University activists who have been lobbying their universities to pull their endowments out of fossil fuels say Grist’s findings are in line with what they’ve come to expect from their schools: a willingness to overlook their complicity in climate change and societal injustice.
When Claire Sullivan, a senior at Colorado State University, learned of Grist’s findings, she thought of the land acknowledgement she’s seen on every syllabus and plastered on many walls all over campus.
The two-paragraph statement ends with this note: “Our founding came at a dire cost to Native Nations and peoples whose land this University was built upon. This acknowledgment is the education and inclusion we must practice in recognizing our institutional history, responsibility, and commitment.”
According to Sullivan, CSU says all of its fossil fuel investments are indirect, but it hasn’t made any promises to avoid direct investments or phase out any existing ones, despite the disproportionate harm that climate change is wreaking on Native peoples. Sullivan’s exasperation at the university’s intractable stance is topped only by her awe at what she describes as their hypocrisy.
“It’s just crazy that you could be making this commitment outwardly and just be doing the opposite in practice,” she said.
Not every divestment campaign has been so frustrating. Many university activists, such as at Harvard and Yale, have seen success. Gracelyn McClure is a senior and environmental sciences major at the University of Minnesota. She was only a sophomore when school officials decided to withdraw its investments from fossil fuels by 2028. It was a huge victory, but McClure said the group’s advocacy work isn’t over.
The group has been meeting with university officials to try to ensure that as contracts for fossil fuel investments expire, the money is being shifted into investments that aren’t similarly harmful.

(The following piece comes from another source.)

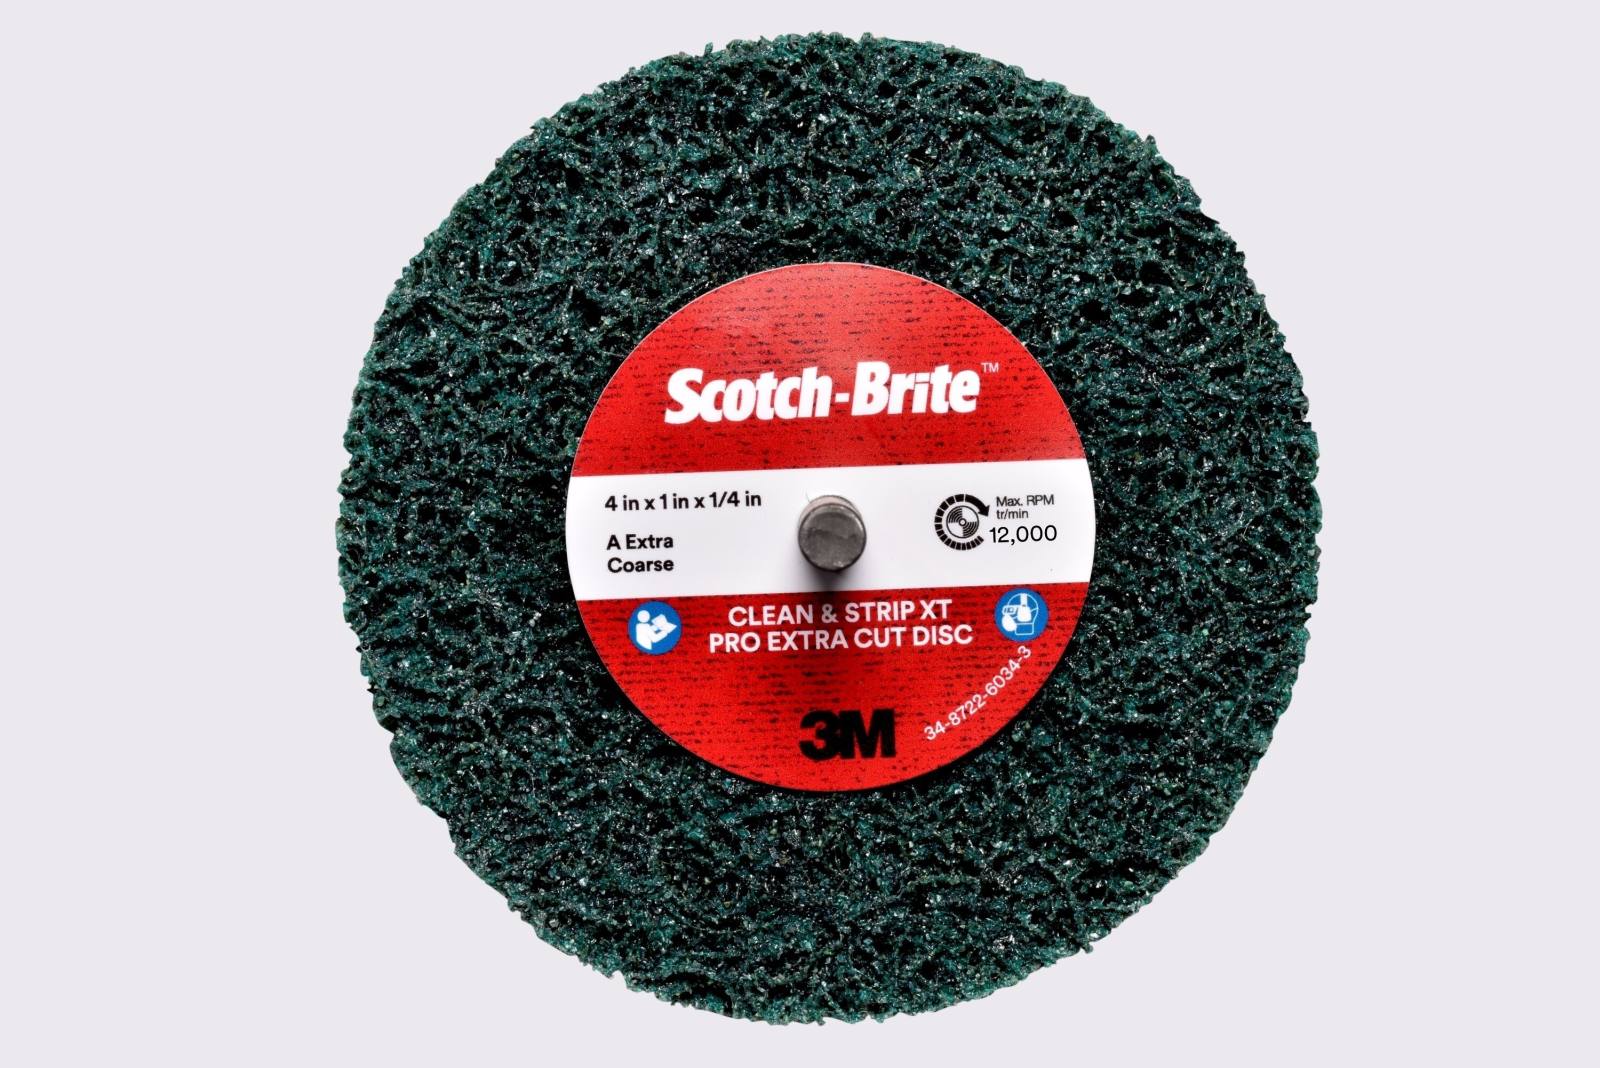 3M Scotch-Brite disco per pulizia grossolana XT-ZS Pro Extra Cut, 100 mm, 13 mm, 6 mm, A, extra grossolano

For example, they’ve asked the school not to reinvest in mining that’s opposed by Indigenous peoples.
Even though the initial campaign was successful, the students haven’t yet been able to garner any new promises to avoid nuclear energy or other mining that they fear could harm Native peoples. “They’re not super receptive all the time to our asks,” McClure said of the administration. But she thinks working with Native nations to ensure that reinvestment isn’t negatively affecting their communities isn’t asking for much.
“It’s the least that the university can do, considering how much they profited from Native land, and bodies too,” she said.
A spokesman for the University of Minnesota said the university has been working with tribal nations to address its history of stolen land, including returning about 3,400 acres to the Fond du Lac Band of Lake Superior Chippewa. The spokesman also cited the school’s investments in Native student tuition waivers, Indigenous language revitalization and staff training.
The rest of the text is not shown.